God's Acre
By Robert Finch
During the years I lived in Brewster, my house was next door to Red Top
Cemetery. It's a small rural burying ground that contains about 150
graves, the earliest of which is dated 1813. Most of the headstones are
small slabs of soft white limestone whose dates and inscriptions have
often been eaten away by two centuries of weather. No one of great
importance is buried here, no Revolutionary or Civil War heroes. There
are no large monuments to nineteenth century shipping or railroad
magnates that one finds in the larger Cape Cod town cemeteries. Yet its
rows of unpretentious markers possess a shared, if commonplace,
humanity.
One summer I made an informal census of the residents of the graveyard
to get some general sense of the makeup of this community in the past.
Demographically, the dates on the headstones are typical of their age
and place. The average age of Red Top's inhabitants is 43.6 years,
roughly the national life expectancy during the late 1800s. Still,
relatively few actually died in middle age. High infant mortality is
balanced at the other end by a surprising longevity. Of those who
survived infancy and childhood diseases, over a third reached seventy,
and there were many octogenarians and nonagenarians, led by the
venerable Dorcas Howland, who died in 1939 at the age of 99. The tough
endured.
Out of the blurred legends and truncated stones, one hears certain
emotions or attitudes shared by those who lie here, as well as hints of
personal tragedy. An attitude of resignation and religious stoicism is
found in the many references to "this vale of tears" or "this
world of woe." Deceased children are commonly described as "faded
blossoms," and deferred hope is found in the frequent references to
"meeting again" in the afterlife. There are at least a half-dozen
graves of young men "drown'd" or "lost at sea." One
inscription that caught my eye was on the headstone of Leonard Sears,
lost during the legendary and fatal gale of October 3, 1841. It reads
as follows:
Tho' I drowned in yonder waves
Beneath this stone I sleep;
While some of my companions dear
Now lie beneath the deep.
The lines are written in the first person, but to me they conveyed the
bleak comfort taken by the victim?s family in having at least been
spared the more common fate of those whose sons were lost at sea - the
empty grave.
Still, husbands, especially ship captains, tended to outlive their
wives. Many a man went through more than one spouse in his lifetime.
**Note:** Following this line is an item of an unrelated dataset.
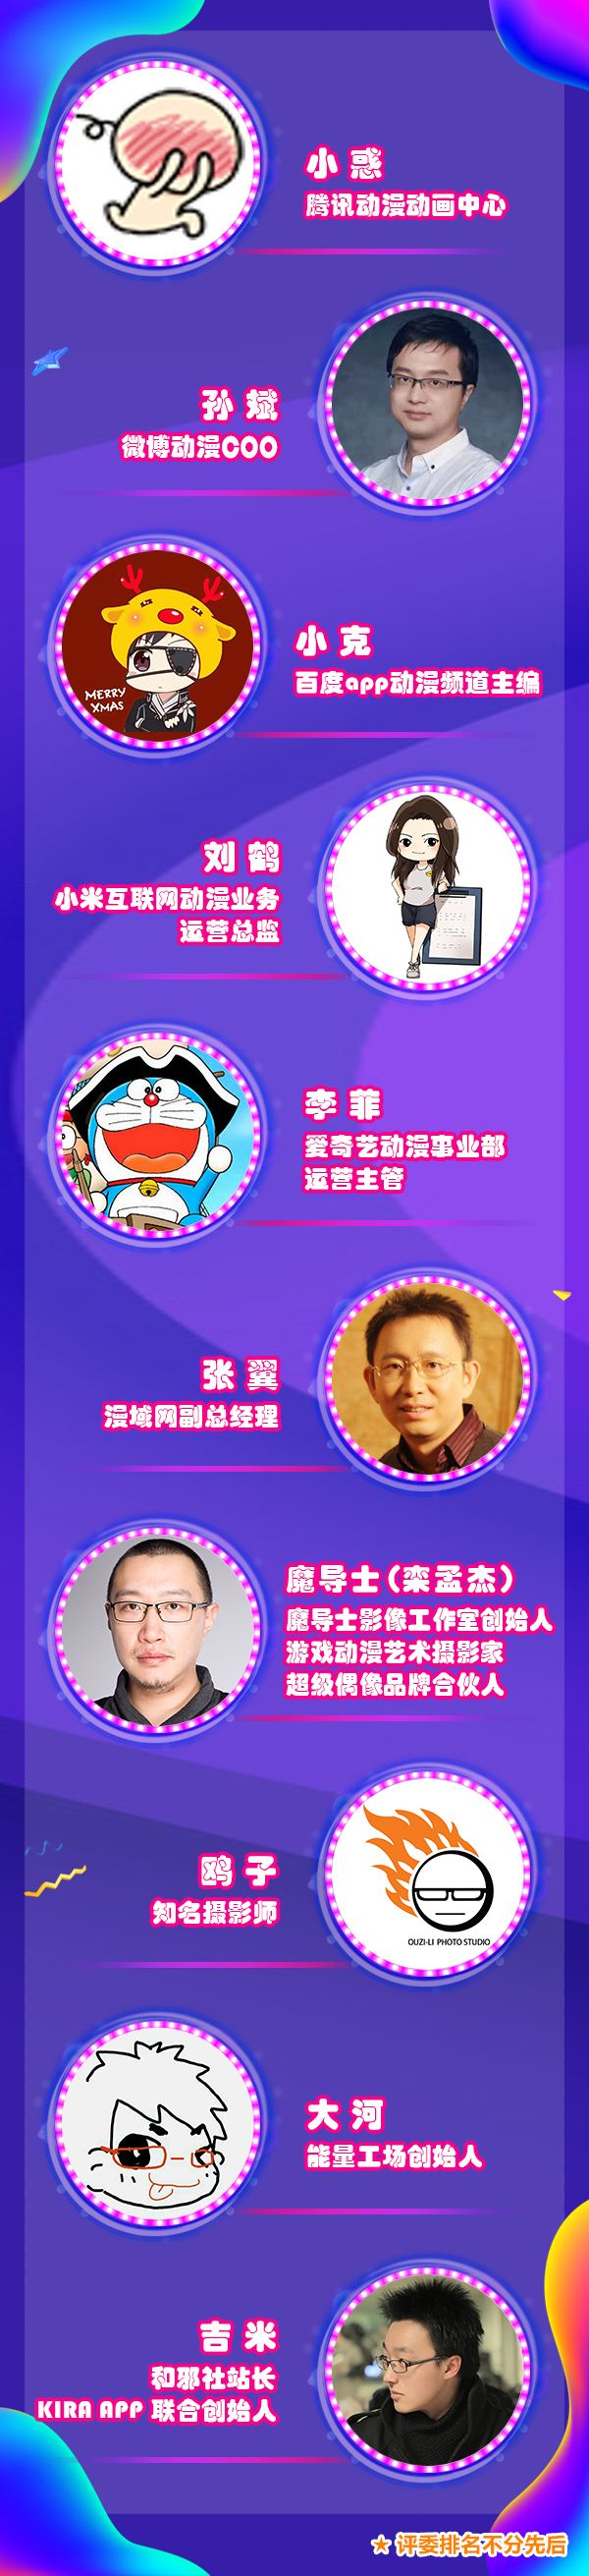 2019ChinaJoy Cosplay封面大赛现已开赛 评委名单正式公布!

Captain Freeman Sears outlived all four of his wives. He eventually died
in 1879, surrounding himself with his last three wives, leaving his
first one, Hitty, for some reason, alone on the other side of the hill.
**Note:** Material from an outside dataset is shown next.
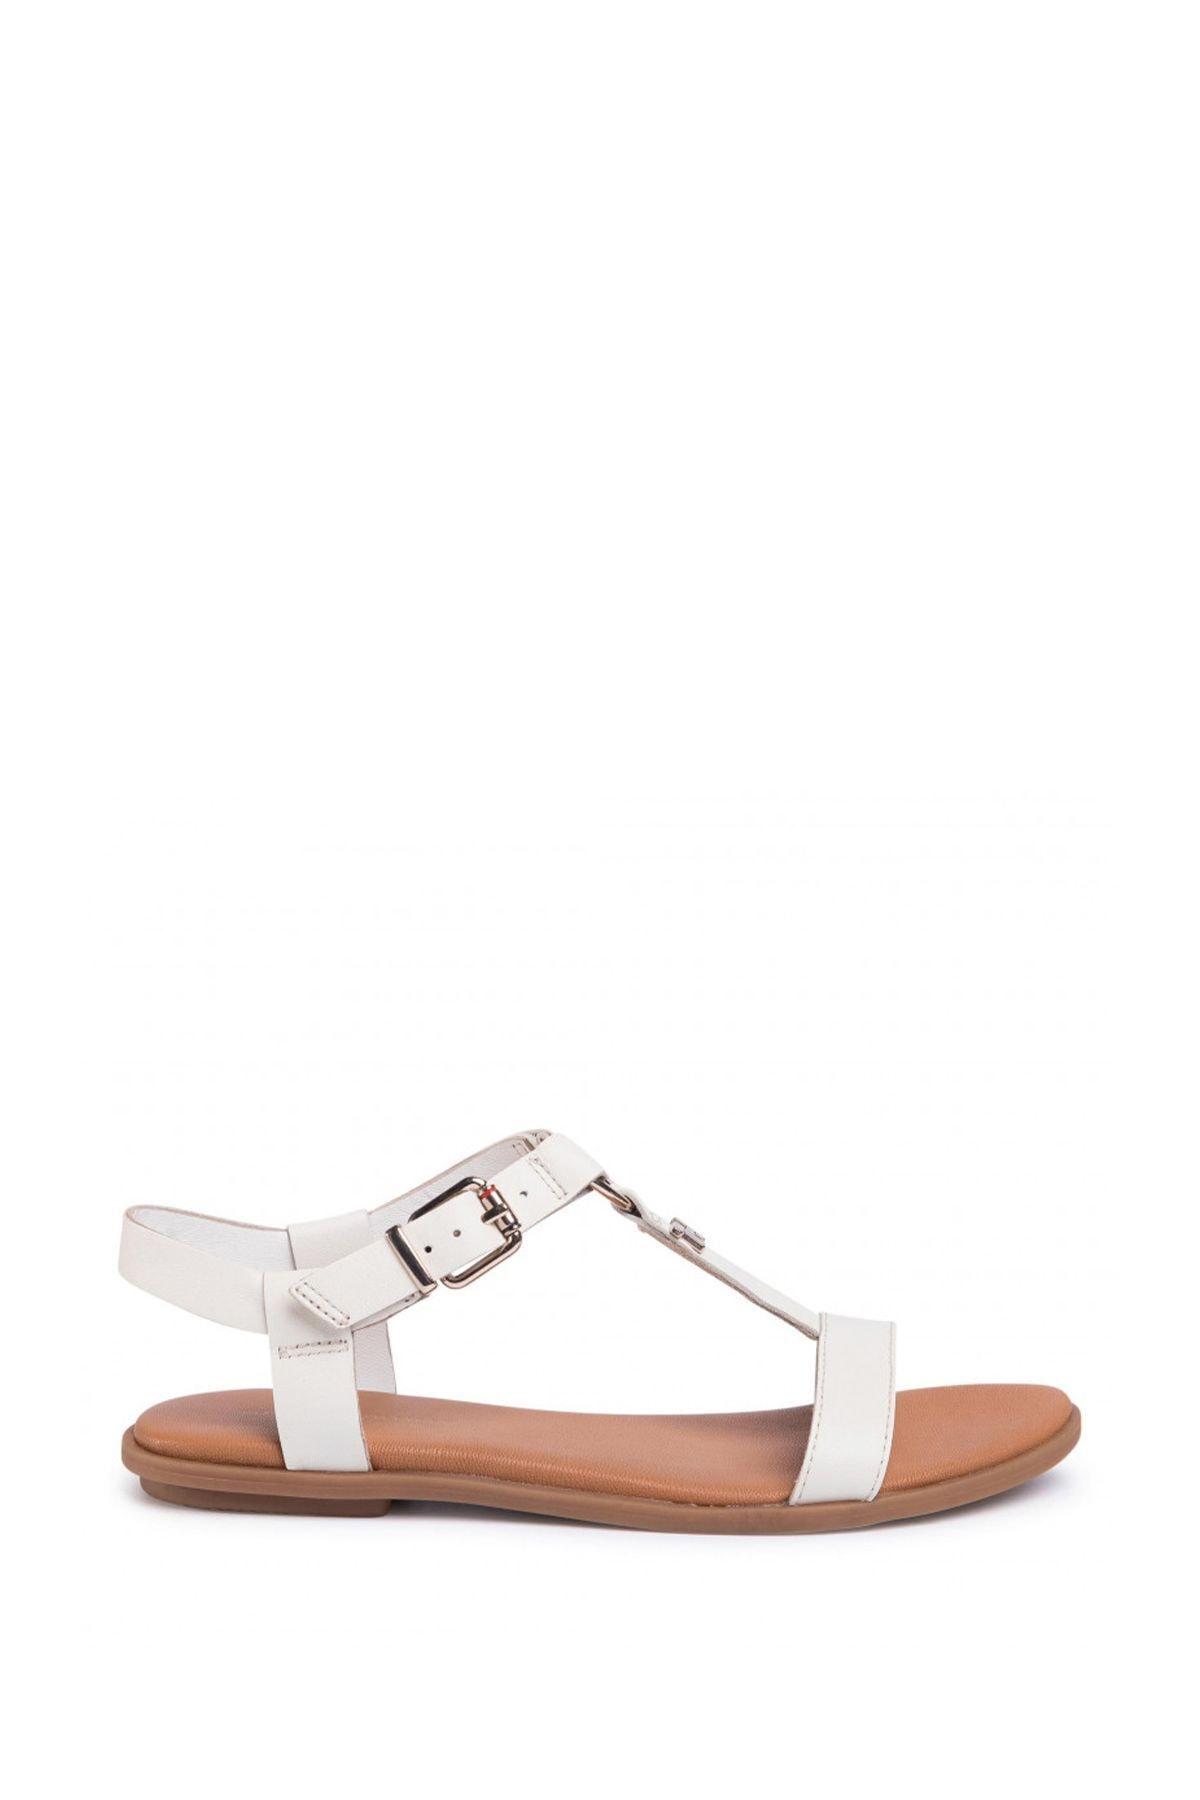 Tommy Hilfiger Kadın Ekru Feminine Leather Flat Sandalet Fw0fw04882 2

After reading so many examples of linear polygamy and patriarchal
control of the final domestic arrangements, it was gratifying to come
upon the stone of one Deziah Hutchins, wife of John Hutchins. When John
died in 1913, Deziah, in the practice of the day, added her own name and
incomplete dates below those of her husband, presumably in anticipation
of following him shortly. And that is how the stone reads today: DEZIAH
HUTCHINS, 1841-19__.
I like to think that Deziah, at least, managed to escape.